Spring Break: A Panegyric

This being the last of my years in academe, this is the last of my Spring Breaks. Younger me would think that I should be marking the occasion by going on a trip. Grad school paychecks being what they are, however, there won't be any major trip.

Honestly, though, I'm okay with that, or perhaps even sort of happy. This break is going beautifully (albeit way too quickly, as per usual). I'm working out every morning (still doing the Jillian Michaels 30 Days of Hell dvd, which is toning me up something fierce), I'm ACTUALLY EATING BREAKFAST (this is a new and very unusual thing), I've been crocheting (the stupid scarf I've been working on since January is finally almost done), and I've been noveling again (FINALLY). I've gotten a couple thousand words so far this week. Nowhere near my November pace, but it's good, and I'm back to the characters having conversations I wasn't planning on them having and having those conversations drift off in directions I hadn't seen before they happened and I've re-planned out how the novel will begin and things are generally going swimmingly. It feels really good to be writing again. It's also really nice to have the week to write and think and write some more without the nagging constant guilty feeling that I'm supposed to be focusing on my teaching and trying to force some work on the damned dissertation and work on the job hunt and everything else.

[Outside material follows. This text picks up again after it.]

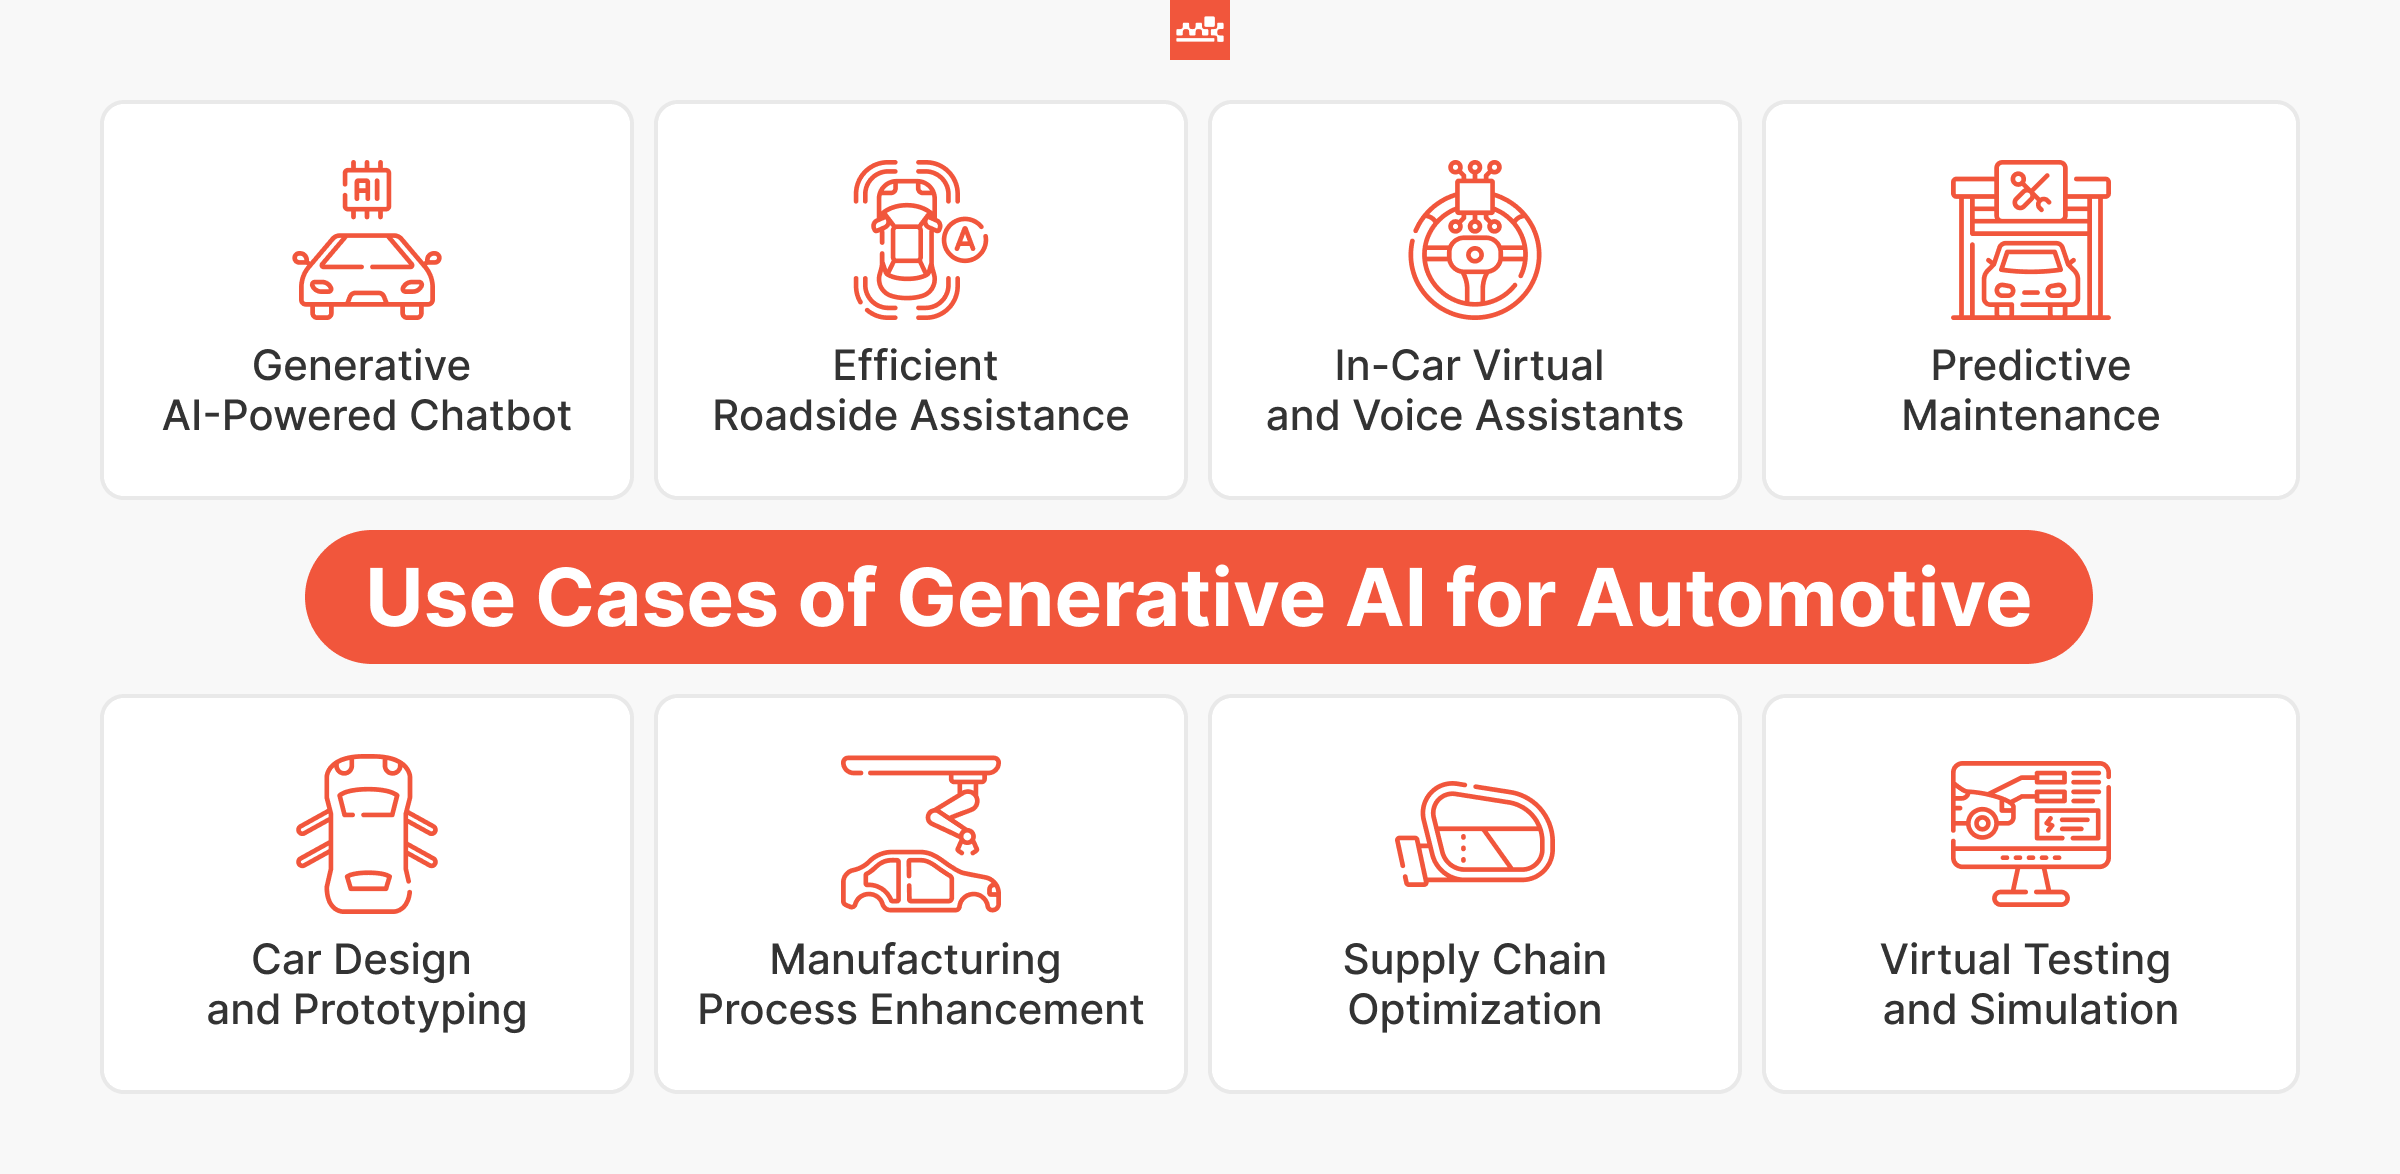 Gen AI Use Cases in the Automotive Industry

Even better: it's been in the 50s all week. After the snowiest winter I have ever lived through, the concept of the 50s is near-tropical. We even saw the sun here for a couple of days!

Tonight, Brownie and I are going to attempt to make duck. Why? We have the time, and I have some Wegmans gift certificates from my birthday to play with. On Saturday, we're taking our tax returns on a day trip to NYC. We're hitting the Strand for books (I refuse on principle to look for dissertation books), and I will finally (!) get to go play at the CB I Hate Perfume gallery. I mean, Cloudburst Accord. Wet Lawn Accord. And then we're going to go get some food somewhere. And maybe hit the Brooklyn Brewery while we're in Brooklyn.

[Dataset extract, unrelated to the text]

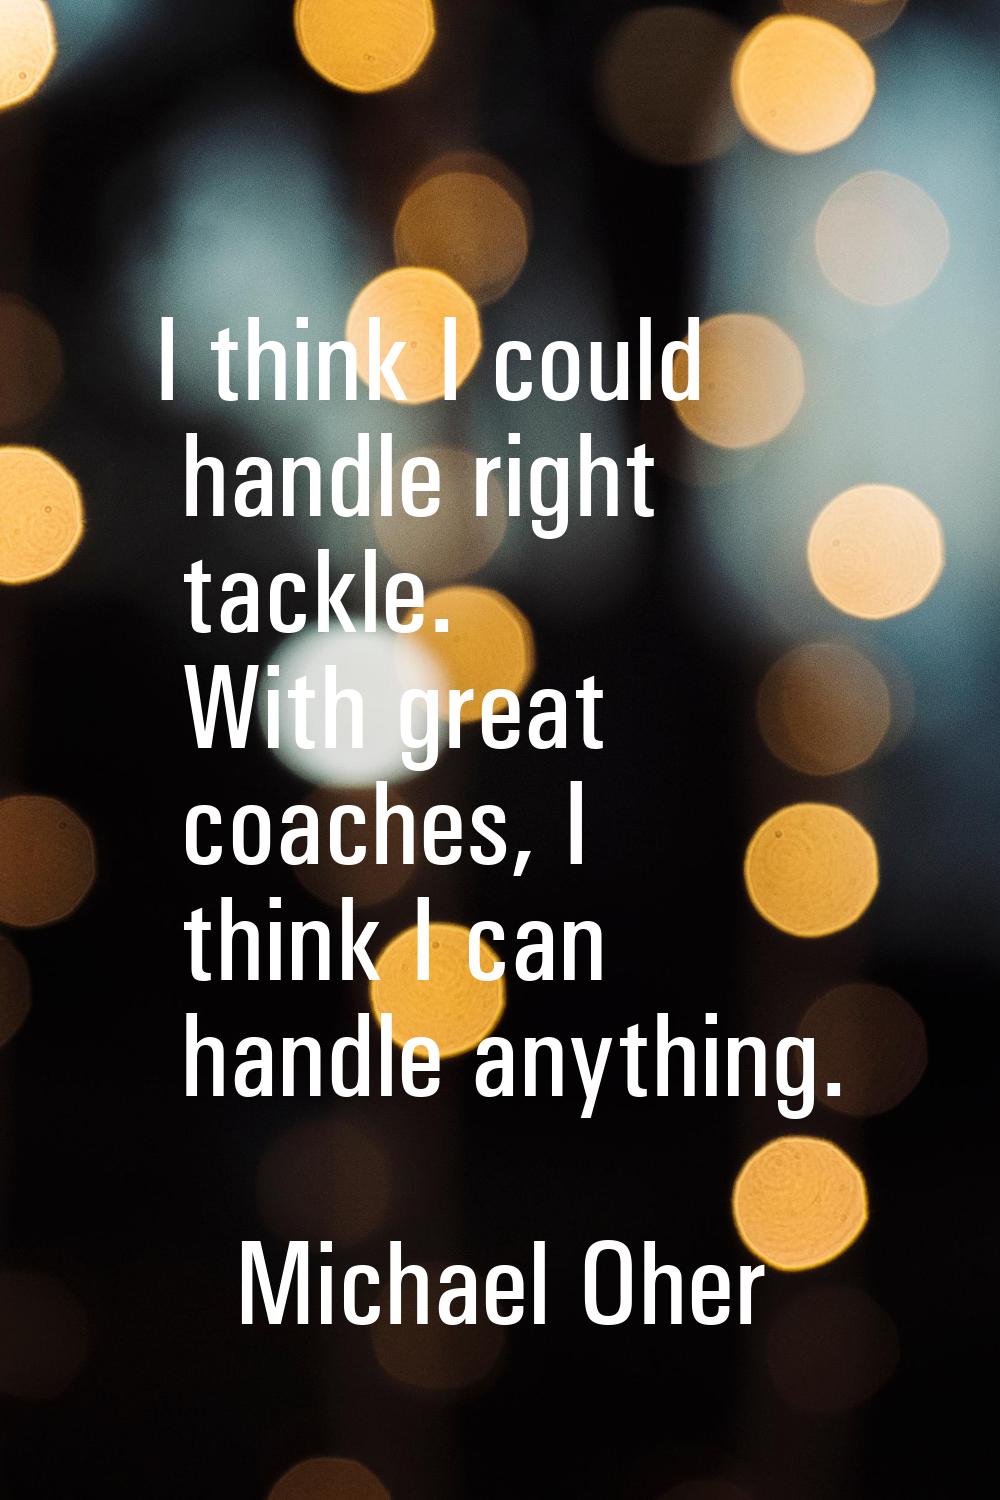 I think I could handle right tackle. With great coaches, I think I can handle anything.

What I'm saying is that I'm happier right now than I have been in months, if not longer. I think it's because I've given myself permission to spend a week not in academics, not surrounded by thoughts of the Ivory Tower, not wallowing in the overabundance of guilt and feelings of abject failure that I associate with my dissertation. I'm just taking care of myself and working on things that I find interesting and fun and productive. It feels awesome.

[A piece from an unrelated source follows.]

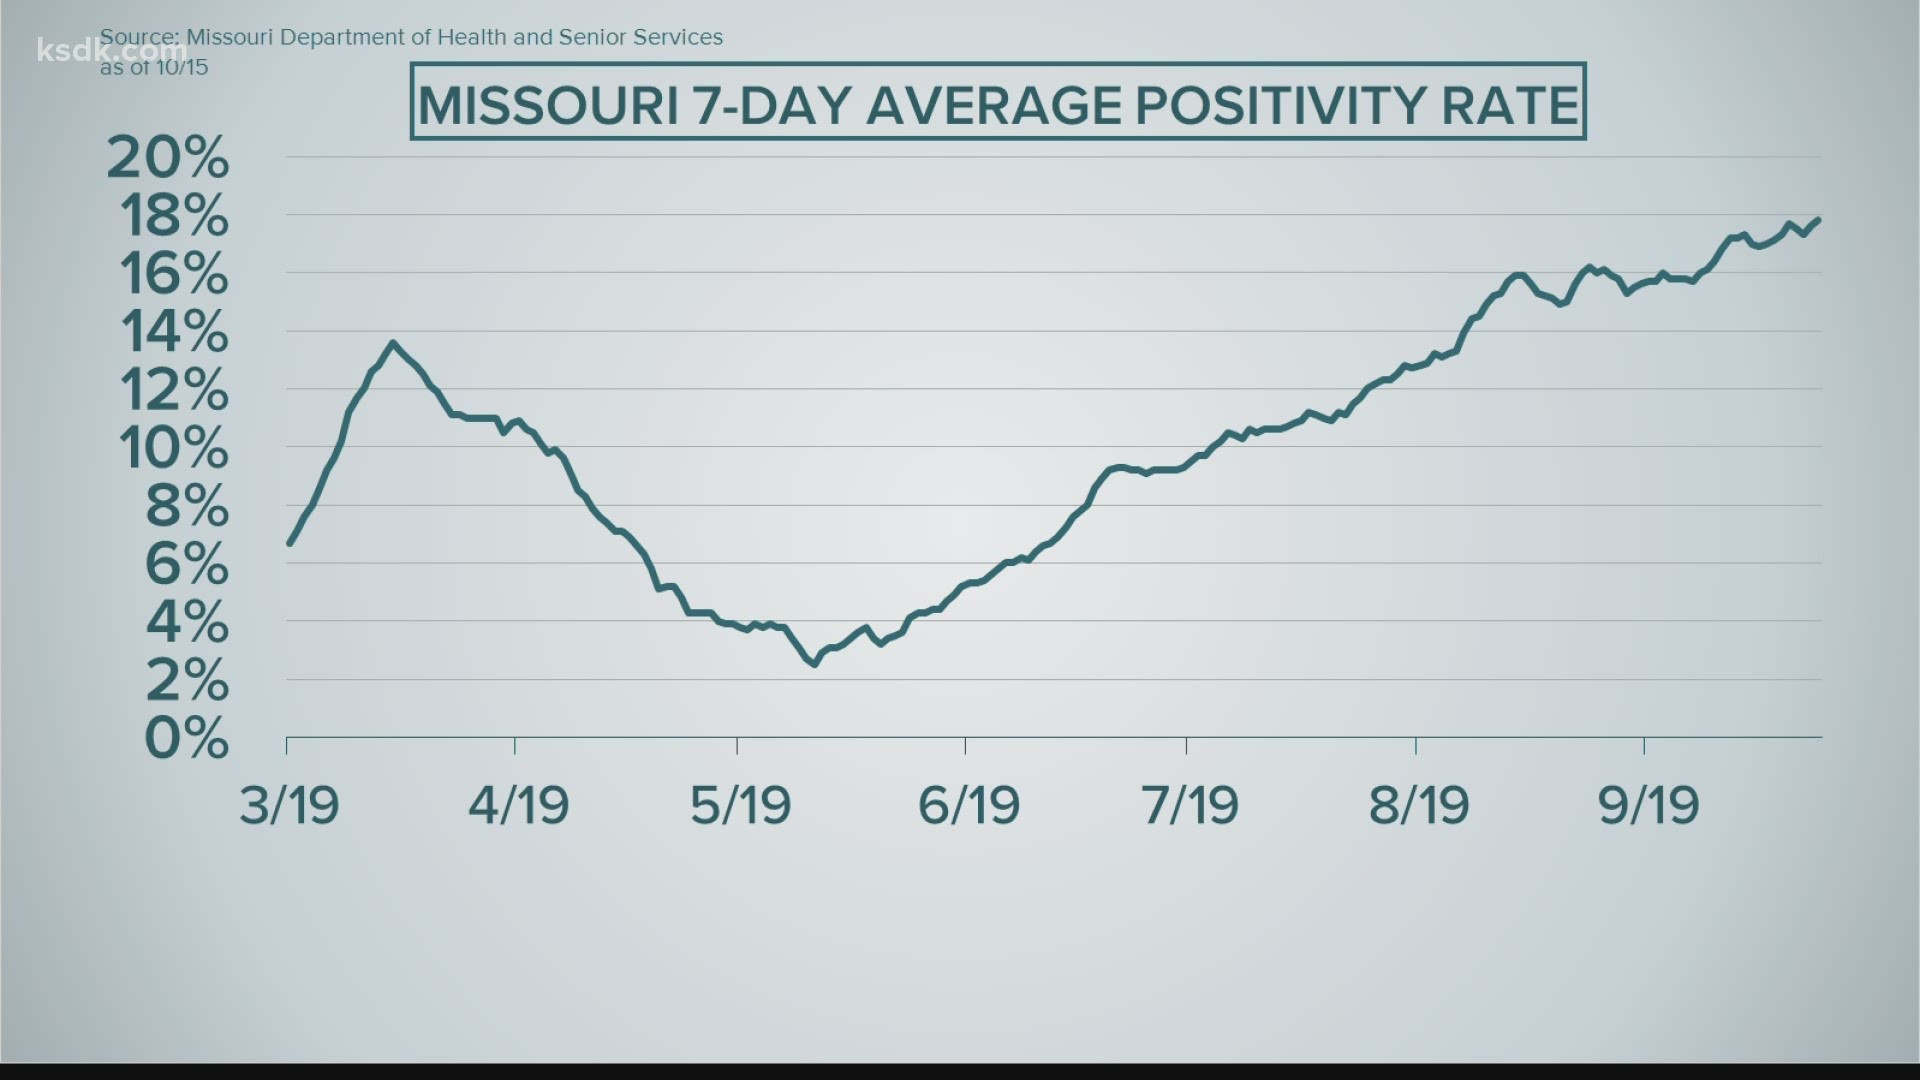 The 7-day average positivity rate is now at an all-time high

I know that when I get out of academics in May, I will be surrounded by the stress of a job hunt and then (preferably soon!) the stress of a brand new job in a brand new field and that leaving the academy does not mean that I'm leaving stress behind forever. To get this week, however, to devote to putting my emotional health back into some semblance of tolerability has been an absolute godsend.

So fare thee well, Spring Break. You've been good to me and I will miss you when you're gone. And I will probably try my level best to take a week off when possible in the Spring, just to see if I can recreate the sense of calm I feel right now.